Problem details:
Only the lines below starting at the one that contains "Estée Lauder 'Micro" and ending at the one that contains "First winter in Switzerland" are to be reproduced, exactly and with both ends kept.

Dataset records:
◆ ◆ ◆ ◆ ◆ ◆ ◆

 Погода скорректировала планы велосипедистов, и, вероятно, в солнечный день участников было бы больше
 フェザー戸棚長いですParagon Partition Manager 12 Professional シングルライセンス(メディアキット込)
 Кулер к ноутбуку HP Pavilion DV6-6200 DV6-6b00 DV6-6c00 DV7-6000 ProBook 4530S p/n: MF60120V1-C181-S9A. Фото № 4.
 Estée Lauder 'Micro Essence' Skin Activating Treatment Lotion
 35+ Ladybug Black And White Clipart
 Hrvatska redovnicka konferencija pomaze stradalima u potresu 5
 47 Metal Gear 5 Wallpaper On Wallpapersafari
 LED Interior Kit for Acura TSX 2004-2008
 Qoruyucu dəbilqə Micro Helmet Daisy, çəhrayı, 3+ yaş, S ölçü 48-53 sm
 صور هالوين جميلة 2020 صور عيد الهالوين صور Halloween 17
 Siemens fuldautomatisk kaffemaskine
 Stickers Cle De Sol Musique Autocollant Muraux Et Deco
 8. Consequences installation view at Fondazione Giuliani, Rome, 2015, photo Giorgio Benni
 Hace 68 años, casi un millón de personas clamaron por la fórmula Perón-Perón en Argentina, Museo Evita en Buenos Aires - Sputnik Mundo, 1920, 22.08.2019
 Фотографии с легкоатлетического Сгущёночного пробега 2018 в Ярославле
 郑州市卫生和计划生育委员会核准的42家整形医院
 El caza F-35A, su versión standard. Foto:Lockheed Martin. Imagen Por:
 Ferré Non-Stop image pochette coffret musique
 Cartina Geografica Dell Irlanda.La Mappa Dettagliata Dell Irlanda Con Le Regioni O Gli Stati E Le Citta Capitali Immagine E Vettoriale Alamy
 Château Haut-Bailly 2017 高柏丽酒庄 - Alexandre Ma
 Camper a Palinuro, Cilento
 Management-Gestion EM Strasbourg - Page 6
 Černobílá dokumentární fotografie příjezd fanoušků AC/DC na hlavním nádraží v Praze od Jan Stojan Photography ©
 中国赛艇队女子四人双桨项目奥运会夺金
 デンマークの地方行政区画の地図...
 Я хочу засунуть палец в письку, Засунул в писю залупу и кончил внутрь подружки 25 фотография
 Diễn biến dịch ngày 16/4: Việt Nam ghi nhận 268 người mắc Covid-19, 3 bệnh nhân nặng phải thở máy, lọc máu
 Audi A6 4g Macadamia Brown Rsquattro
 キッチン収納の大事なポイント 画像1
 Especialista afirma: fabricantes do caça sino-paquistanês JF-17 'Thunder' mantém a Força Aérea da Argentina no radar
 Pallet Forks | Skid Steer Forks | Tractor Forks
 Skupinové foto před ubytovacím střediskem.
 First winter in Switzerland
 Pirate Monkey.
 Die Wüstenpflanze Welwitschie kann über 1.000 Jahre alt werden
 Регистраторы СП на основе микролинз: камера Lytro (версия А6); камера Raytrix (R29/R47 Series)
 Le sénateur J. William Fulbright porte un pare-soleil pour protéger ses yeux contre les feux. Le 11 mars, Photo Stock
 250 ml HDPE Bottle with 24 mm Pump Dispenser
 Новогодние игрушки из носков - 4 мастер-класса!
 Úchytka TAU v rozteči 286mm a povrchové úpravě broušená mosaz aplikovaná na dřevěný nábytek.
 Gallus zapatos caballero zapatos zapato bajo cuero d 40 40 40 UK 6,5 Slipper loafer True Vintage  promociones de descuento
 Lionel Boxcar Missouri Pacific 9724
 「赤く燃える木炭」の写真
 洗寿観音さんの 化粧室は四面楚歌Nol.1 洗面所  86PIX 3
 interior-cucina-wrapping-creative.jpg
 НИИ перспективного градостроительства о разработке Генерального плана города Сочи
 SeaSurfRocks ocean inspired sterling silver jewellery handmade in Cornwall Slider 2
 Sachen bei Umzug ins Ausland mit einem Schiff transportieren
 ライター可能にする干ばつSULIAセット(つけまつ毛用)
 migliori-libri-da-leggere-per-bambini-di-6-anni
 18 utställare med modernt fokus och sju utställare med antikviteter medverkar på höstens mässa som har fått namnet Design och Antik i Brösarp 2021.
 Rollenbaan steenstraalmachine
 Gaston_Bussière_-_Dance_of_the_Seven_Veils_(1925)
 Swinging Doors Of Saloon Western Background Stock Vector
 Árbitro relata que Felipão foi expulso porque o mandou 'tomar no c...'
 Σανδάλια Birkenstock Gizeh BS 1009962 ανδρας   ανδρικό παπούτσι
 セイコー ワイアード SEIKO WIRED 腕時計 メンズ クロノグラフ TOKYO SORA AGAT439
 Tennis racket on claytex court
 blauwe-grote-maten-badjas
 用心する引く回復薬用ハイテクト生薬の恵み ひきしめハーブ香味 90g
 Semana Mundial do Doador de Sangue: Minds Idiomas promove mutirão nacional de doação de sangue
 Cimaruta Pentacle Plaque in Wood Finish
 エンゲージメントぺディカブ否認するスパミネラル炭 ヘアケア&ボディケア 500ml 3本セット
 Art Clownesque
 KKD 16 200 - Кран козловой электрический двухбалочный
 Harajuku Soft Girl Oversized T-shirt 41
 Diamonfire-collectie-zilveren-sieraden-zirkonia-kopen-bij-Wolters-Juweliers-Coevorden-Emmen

◆ ◆ ◆ ◆ ◆ ◆ ◆

Your response:
 Estée Lauder 'Micro Essence' Skin Activating Treatment Lotion
 35+ Ladybug Black And White Clipart
 Hrvatska redovnicka konferencija pomaze stradalima u potresu 5
 47 Metal Gear 5 Wallpaper On Wallpapersafari
 LED Interior Kit for Acura TSX 2004-2008
 Qoruyucu dəbilqə Micro Helmet Daisy, çəhrayı, 3+ yaş, S ölçü 48-53 sm
 صور هالوين جميلة 2020 صور عيد الهالوين صور Halloween 17
 Siemens fuldautomatisk kaffemaskine
 Stickers Cle De Sol Musique Autocollant Muraux Et Deco
 8. Consequences installation view at Fondazione Giuliani, Rome, 2015, photo Giorgio Benni
 Hace 68 años, casi un millón de personas clamaron por la fórmula Perón-Perón en Argentina, Museo Evita en Buenos Aires - Sputnik Mundo, 1920, 22.08.2019
 Фотографии с легкоатлетического Сгущёночного пробега 2018 в Ярославле
 郑州市卫生和计划生育委员会核准的42家整形医院
 El caza F-35A, su versión standard. Foto:Lockheed Martin. Imagen Por:
 Ferré Non-Stop image pochette coffret musique
 Cartina Geografica Dell Irlanda.La Mappa Dettagliata Dell Irlanda Con Le Regioni O Gli Stati E Le Citta Capitali Immagine E Vettoriale Alamy
 Château Haut-Bailly 2017 高柏丽酒庄 - Alexandre Ma
 Camper a Palinuro, Cilento
 Management-Gestion EM Strasbourg - Page 6
 Černobílá dokumentární fotografie příjezd fanoušků AC/DC na hlavním nádraží v Praze od Jan Stojan Photography ©
 中国赛艇队女子四人双桨项目奥运会夺金
 デンマークの地方行政区画の地図...
 Я хочу засунуть палец в письку, Засунул в писю залупу и кончил внутрь подружки 25 фотография
 Diễn biến dịch ngày 16/4: Việt Nam ghi nhận 268 người mắc Covid-19, 3 bệnh nhân nặng phải thở máy, lọc máu
 Audi A6 4g Macadamia Brown Rsquattro
 キッチン収納の大事なポイント 画像1
 Especialista afirma: fabricantes do caça sino-paquistanês JF-17 'Thunder' mantém a Força Aérea da Argentina no radar
 Pallet Forks | Skid Steer Forks | Tractor Forks
 Skupinové foto před ubytovacím střediskem.
 First winter in Switzerland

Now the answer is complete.